When you label products from the Ads Opportunities page, the platform automatically creates a supplemental data source for that client. The supplemental source appears under the client's MC account at Settings > Data Sources > Supplemental Sources. The custom label values then flow into Google Ads, where you can use them to filter products when setting up Shopping campaigns.
This is useful for agencies that want basic segmentation without setting up a separate feed management tool. But there are limitations:
- Labels are applied from predefined filters (low price, trending brand), not custom business logic
- There's no performance-based labeling (e.g., ROAS thresholds, conversion history, impression share)

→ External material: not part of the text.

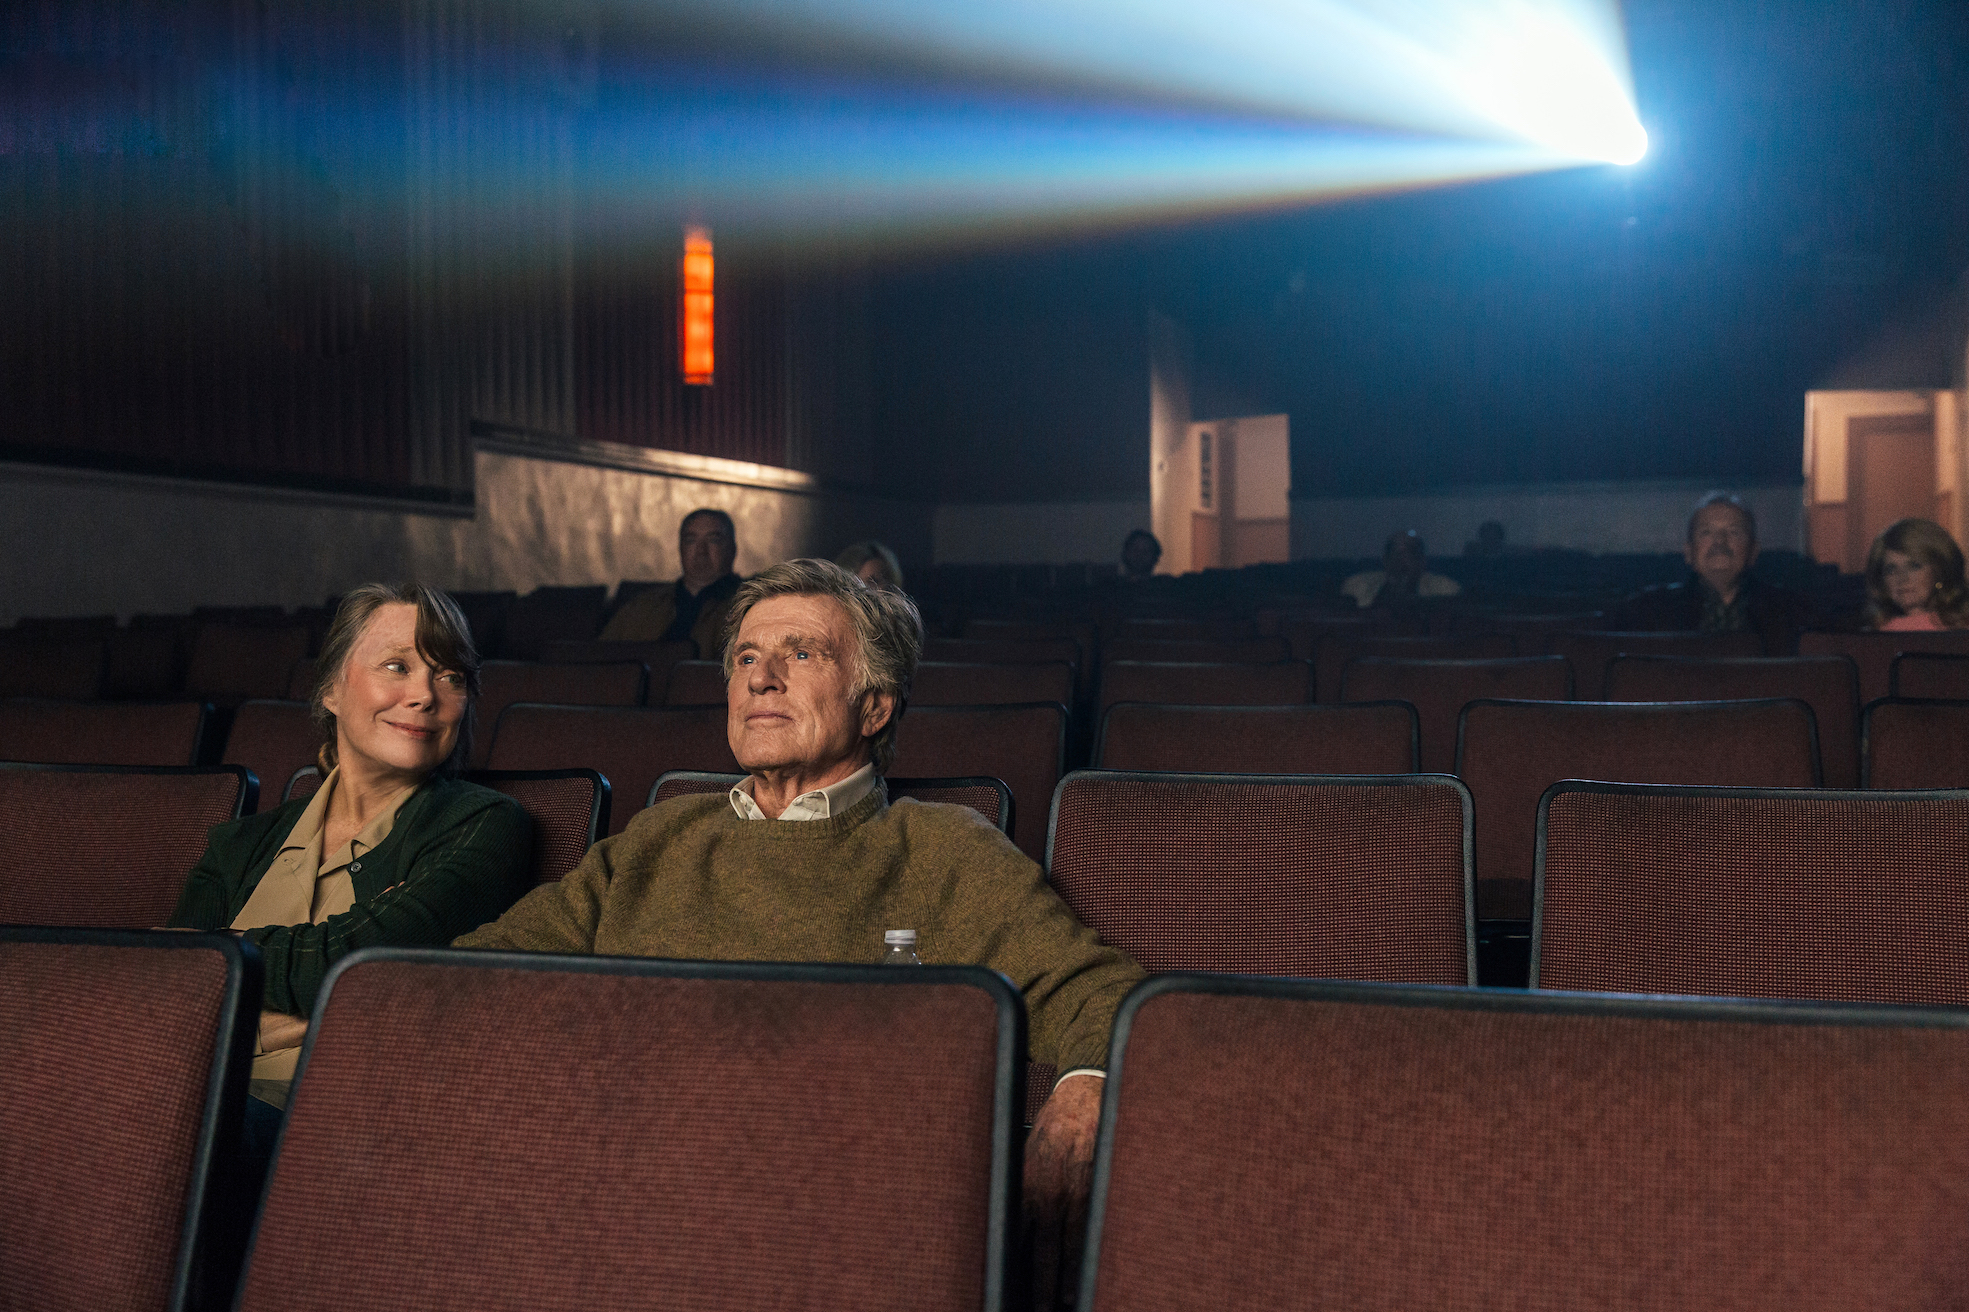 Filmstill aus "Ein Gauner & Gentleman": Ein Mann und eine Frau im Kino, sie lächelt ihn an.

- No rule builder with conditional logic across multiple fields
- No scheduled re-computation — you apply labels manually
For agencies that need performance-based labeling with custom rules across 40+ condition fields, automatic recomputation, and automated label pushes to Merchant Center, a dedicated tool is still necessary. But for agencies that have been doing this through manual spreadsheet uploads, the Ads Opportunities page is a genuine improvement.
Frequently Asked Questions
What is Merchant Center for Agencies?
Merchant Center for Agencies is Google's dedicated dashboard for managing multiple Merchant Center client accounts from a single login. It includes cross-account diagnostics with a click potential metric, client optimization tools for promotions and inventory, and an Ads Opportunities page for applying custom labels to client products.
How is it different from a Multi-Client Account (MCA)?
The old MCA was a basic container — it held sub-accounts but provided no portfolio-level tools. Merchant Center for Agencies adds diagnostics ranked by click impact, automatic metric shift flagging, client optimization workflows, and direct Google Ads integration through supplemental feeds.
Is it available outside the US and Canada?
A global pilot is running. Agencies outside the US and Canada can express interest through the Google Merchant Center help page contact form.
What is click potential?
Click potential is a metric on the Diagnostics page that estimates how many additional clicks an agency could recover by fixing a specific product issue. It lets you prioritize client problems by estimated traffic impact rather than treating all feed warnings equally.
Does this replace Google Ads MCC?
No. Merchant Center for Agencies handles feed health, product diagnostics, and operational management. Google Ads MCC handles campaign management, bidding, and ad spend. You need both for a complete agency workflow.